=== ASSIGNMENT ===
Look through the material below. Return exactly the lines from the one with "Jeff Koons, Gazing Ball (Diana), 2013." through the one with "Melbourne Airport External View", both included.

=== DATA SUPPLIED ===
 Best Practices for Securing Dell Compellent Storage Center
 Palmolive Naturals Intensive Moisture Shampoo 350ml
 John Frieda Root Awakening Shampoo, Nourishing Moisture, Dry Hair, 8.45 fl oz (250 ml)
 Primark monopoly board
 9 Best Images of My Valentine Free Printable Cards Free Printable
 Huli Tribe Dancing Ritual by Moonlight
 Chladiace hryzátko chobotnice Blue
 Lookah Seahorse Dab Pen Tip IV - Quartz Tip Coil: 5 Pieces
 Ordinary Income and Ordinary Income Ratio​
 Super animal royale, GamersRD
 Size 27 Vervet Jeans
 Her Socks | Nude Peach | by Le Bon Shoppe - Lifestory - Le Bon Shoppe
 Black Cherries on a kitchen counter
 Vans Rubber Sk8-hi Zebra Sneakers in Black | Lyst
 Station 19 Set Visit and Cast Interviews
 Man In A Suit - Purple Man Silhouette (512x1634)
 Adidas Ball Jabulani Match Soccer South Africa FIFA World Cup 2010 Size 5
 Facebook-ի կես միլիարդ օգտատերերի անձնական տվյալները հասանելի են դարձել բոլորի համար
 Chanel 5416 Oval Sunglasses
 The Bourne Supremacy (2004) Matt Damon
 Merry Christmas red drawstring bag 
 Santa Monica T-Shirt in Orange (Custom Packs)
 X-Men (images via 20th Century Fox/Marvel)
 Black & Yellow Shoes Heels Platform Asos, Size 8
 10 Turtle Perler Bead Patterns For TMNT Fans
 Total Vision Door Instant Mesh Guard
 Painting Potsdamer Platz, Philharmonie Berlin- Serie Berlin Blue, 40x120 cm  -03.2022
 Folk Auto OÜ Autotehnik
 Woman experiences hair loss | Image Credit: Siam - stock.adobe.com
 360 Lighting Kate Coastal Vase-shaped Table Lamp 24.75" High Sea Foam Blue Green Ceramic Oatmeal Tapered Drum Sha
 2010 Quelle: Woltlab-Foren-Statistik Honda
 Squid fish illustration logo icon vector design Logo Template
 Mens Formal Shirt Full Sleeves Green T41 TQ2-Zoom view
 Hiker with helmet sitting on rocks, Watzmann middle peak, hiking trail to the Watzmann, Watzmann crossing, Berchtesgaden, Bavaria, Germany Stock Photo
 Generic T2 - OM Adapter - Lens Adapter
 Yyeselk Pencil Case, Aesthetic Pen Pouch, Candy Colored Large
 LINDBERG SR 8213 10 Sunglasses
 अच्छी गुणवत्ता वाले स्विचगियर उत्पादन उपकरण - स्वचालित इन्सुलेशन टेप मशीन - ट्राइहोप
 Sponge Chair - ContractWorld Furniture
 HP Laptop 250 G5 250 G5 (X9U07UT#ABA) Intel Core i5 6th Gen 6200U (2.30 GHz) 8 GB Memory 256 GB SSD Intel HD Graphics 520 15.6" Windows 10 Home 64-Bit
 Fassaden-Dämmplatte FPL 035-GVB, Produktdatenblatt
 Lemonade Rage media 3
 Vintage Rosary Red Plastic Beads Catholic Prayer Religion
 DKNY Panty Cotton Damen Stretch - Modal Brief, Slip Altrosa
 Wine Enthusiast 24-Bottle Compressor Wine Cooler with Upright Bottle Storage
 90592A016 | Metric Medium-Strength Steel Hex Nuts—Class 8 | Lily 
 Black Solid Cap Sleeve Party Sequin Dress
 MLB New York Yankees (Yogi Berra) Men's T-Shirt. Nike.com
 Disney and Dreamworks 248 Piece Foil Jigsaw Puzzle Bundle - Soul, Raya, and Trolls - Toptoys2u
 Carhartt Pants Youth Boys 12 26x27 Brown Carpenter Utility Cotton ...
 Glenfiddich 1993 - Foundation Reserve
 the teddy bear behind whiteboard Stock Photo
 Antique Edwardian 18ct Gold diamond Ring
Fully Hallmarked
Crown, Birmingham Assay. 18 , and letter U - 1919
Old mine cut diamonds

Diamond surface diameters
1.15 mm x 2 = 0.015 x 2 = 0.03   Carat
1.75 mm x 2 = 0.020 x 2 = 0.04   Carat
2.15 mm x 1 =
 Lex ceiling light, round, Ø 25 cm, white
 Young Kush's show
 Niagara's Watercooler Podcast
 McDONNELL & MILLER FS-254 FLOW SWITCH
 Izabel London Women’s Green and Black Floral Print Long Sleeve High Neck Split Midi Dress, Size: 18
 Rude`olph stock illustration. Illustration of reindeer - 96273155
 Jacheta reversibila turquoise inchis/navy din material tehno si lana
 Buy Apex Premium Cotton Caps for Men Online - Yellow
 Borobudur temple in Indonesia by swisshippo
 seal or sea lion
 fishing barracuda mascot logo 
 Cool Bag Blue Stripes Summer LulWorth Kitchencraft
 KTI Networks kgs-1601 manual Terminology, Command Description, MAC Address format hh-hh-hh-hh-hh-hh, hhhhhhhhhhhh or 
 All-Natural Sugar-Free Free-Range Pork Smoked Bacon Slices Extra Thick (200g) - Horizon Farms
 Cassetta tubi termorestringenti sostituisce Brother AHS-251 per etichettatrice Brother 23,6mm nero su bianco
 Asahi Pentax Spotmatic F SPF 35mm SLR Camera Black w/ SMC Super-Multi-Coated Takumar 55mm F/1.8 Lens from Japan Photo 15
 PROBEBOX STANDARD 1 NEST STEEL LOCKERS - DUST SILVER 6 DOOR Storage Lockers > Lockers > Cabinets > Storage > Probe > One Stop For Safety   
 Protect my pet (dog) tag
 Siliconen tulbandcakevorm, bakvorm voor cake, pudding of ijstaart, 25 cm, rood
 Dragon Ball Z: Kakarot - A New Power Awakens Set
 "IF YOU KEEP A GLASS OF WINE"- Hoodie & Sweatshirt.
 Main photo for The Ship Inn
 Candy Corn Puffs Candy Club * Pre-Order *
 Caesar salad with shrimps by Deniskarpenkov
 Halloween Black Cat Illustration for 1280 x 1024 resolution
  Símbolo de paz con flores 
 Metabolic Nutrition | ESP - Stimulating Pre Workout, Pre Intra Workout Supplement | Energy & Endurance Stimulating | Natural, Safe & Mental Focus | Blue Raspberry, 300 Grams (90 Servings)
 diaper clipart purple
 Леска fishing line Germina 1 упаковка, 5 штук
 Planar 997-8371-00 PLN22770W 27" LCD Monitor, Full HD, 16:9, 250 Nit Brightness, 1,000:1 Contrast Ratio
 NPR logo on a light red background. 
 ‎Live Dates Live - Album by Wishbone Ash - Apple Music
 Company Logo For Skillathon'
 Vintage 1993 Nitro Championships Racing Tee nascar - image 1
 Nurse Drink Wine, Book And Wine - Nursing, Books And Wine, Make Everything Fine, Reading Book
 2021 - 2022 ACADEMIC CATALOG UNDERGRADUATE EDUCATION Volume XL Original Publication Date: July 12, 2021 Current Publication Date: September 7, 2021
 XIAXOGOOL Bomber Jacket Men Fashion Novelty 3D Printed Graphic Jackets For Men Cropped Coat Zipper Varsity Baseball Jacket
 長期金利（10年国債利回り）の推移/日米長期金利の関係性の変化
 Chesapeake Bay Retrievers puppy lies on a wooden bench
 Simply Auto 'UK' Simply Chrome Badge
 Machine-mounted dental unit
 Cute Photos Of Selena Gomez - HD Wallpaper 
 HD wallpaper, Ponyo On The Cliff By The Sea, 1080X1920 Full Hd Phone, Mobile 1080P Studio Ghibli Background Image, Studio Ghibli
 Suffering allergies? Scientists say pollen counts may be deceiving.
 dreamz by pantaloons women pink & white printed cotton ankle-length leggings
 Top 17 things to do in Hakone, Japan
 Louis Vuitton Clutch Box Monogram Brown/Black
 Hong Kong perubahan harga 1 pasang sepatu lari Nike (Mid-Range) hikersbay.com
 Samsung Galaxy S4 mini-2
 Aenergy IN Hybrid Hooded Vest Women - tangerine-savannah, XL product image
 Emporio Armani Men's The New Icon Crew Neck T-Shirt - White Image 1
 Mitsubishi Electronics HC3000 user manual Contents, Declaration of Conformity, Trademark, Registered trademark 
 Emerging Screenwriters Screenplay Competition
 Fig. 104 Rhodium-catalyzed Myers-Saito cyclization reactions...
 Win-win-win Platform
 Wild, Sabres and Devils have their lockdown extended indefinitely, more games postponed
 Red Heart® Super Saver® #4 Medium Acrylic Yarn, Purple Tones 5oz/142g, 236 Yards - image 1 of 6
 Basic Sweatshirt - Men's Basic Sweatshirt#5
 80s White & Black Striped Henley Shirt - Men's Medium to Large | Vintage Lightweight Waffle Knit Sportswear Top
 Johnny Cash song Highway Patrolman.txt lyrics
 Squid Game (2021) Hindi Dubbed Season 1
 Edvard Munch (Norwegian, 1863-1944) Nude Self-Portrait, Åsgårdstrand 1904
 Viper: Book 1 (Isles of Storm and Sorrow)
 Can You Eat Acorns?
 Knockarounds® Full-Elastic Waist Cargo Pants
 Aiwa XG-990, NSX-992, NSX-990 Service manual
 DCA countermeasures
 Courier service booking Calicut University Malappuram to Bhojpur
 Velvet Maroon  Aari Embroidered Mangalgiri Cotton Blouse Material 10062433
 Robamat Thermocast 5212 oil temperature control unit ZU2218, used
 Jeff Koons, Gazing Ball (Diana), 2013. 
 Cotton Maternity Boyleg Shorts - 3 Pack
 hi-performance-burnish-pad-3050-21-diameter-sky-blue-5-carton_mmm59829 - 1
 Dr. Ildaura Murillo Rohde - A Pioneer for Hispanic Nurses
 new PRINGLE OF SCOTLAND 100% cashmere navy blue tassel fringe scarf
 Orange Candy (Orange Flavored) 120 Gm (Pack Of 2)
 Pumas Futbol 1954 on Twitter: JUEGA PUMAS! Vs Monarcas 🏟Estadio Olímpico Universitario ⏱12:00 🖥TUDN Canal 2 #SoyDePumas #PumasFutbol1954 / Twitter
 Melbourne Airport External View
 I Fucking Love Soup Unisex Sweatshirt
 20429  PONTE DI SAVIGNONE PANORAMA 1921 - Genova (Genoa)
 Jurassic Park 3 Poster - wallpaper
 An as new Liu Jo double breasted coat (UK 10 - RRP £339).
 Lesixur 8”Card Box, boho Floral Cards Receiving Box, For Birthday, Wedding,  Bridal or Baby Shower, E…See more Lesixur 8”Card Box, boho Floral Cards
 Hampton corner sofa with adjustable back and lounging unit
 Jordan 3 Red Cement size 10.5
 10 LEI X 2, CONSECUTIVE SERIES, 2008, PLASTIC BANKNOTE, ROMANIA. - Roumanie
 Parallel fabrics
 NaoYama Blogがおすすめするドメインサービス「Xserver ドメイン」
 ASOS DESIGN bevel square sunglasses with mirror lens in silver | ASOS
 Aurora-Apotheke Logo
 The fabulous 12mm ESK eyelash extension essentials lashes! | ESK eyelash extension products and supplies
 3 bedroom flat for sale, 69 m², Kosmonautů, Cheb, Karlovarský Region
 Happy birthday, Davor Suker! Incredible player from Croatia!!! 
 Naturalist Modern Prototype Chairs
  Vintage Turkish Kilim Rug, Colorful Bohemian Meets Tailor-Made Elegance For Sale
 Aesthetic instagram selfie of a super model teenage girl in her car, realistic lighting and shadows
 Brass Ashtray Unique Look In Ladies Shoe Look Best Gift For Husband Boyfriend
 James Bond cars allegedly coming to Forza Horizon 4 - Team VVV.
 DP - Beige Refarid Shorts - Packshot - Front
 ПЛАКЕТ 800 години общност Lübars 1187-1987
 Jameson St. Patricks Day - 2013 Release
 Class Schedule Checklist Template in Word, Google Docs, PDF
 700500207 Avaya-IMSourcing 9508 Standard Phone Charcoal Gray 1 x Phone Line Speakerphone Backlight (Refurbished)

=== ANSWER FOR THIS EXERCISE ===
 Jeff Koons, Gazing Ball (Diana), 2013. 
 Cotton Maternity Boyleg Shorts - 3 Pack
 hi-performance-burnish-pad-3050-21-diameter-sky-blue-5-carton_mmm59829 - 1
 Dr. Ildaura Murillo Rohde - A Pioneer for Hispanic Nurses
 new PRINGLE OF SCOTLAND 100% cashmere navy blue tassel fringe scarf
 Orange Candy (Orange Flavored) 120 Gm (Pack Of 2)
 Pumas Futbol 1954 on Twitter: JUEGA PUMAS! Vs Monarcas 🏟Estadio Olímpico Universitario ⏱12:00 🖥TUDN Canal 2 #SoyDePumas #PumasFutbol1954 / Twitter
 Melbourne Airport External View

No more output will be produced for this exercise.